The Pre-Columbian city of Copan is a locale in extreme western Honduras, in the Copán Department, near to the Guatemalan border. It is the site of a major Maya kingdom of the Classic era.
The kingdom, anciently named Xukpi (Corner-Bundle), flourished from the 5th century AD to the early 9th century, with antecedents going back to at least the 2nd century AD. Its name is an apparent reference to the fact that it was situated at the far southern and eastern end of Maya territory. The city of Copán itself may have anciently been known as Oxwitik.
The city of Copán is perhaps best known for producing a remarkable series of portrait stelae, most of which were placed along processional ways in the central plaza of the city and the adjoining "acropolis" (a large complex of overlapping step-pyramids, plazas, and palaces). The stelae and sculptured decorations of the buildings of Copán are some of the very finest surviving art of ancient Mesoamerica.
Many structures are elaborately decorated with stone sculptures, usually constructed from a mosaic of carved stones of a size that one person could carry.

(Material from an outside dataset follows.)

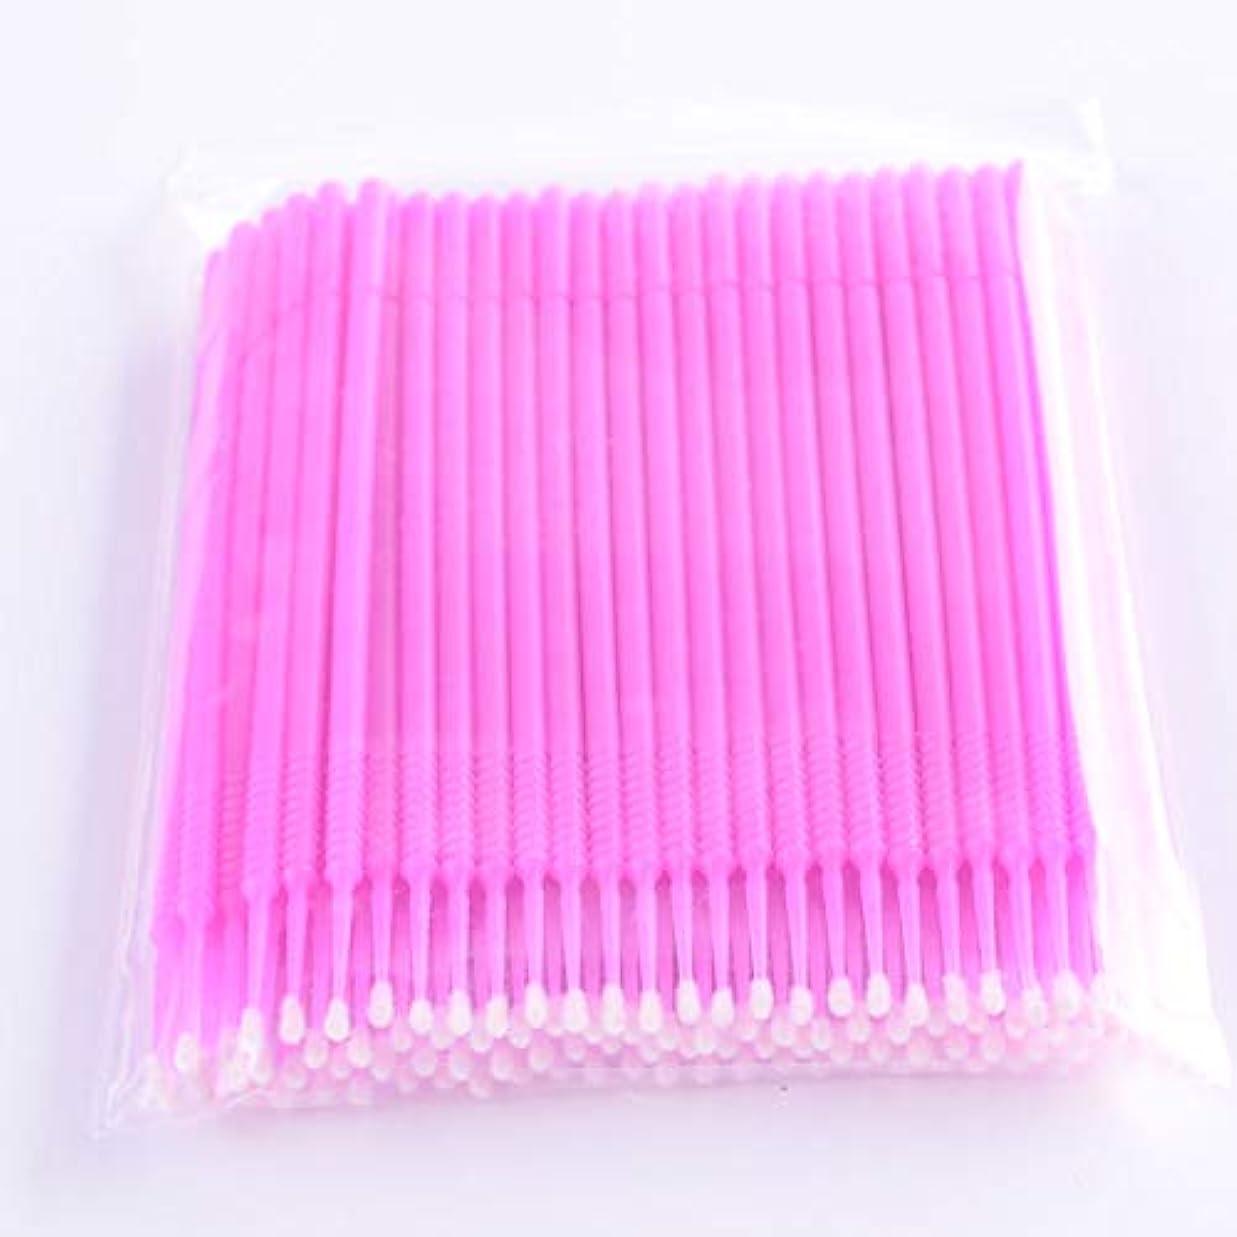 弱点幅ブートPLATINA LASH マイクロスティック 100本入り マイクロブラシ 使い捨て極細綿棒アプリケーター まつげエクステ用 (Fine/Pink)

The site also has a large court for playing the Mesoamerican ballgame.
At its height in the late classic period Copán seems to have had an unusually prosperous class of minor nobility, scribes, and artisans, some of whom had homes of cut stone built for themselves (in most sites a privilege reserved for the rulers and high priests), some of which have carved hieroglyphic texts.
The buildings suffered significantly from forces of nature in the centuries between the site's abandonment and the rediscovery of the ruins. There have been numerous earthquakes -- no roofs of the stone buildings intact when the site was rediscovered, and the hieroglyphic stairway was collapsed. The Copán river changed course and meandered, destroying part of the acropolis and apparently wiping out various subsidiary architectural groups in the region. In the long period when the site was overgrown the buildings and scuptures suffered from the invasive thick jungle vegetation and periodic forest fires.
Archeologists have consolidated and restored many structures at the site.
By the time of the Spanish conquest of Honduras, the site had long been overgrown by rainforest. Although this large ruined city was known locally since early colonial times, it remained largely unknown by the outside world until a series of explorers visited it in the early 19th century. Juan Galindo wrote a description of the ruins in 1834, which was published the following year. This sparked the interest of North American explorer and travel writer John Lloyd Stephens and English architect and draftsman Frederick Catherwood whose illustrated books describing Copán and other sites excited a great deal of interest in Mesoamerican antiquities among American and European scholars, and its publication is regarded as the commencement of modern Mayan studies which continue to this day.
The site was the subject of one of the first modern archeological surveys and excavations in the Maya area, conducted by the Peabody Museum and Harvard University from 1891 to 1894. Further excavations and restorations were begun by the Carnegie Institution in the 1930s, the Peabody Museum again in the 1970s, followed by the Government of Honduras's Proyecto Copán beginning in the late 1970s and continuing to this day.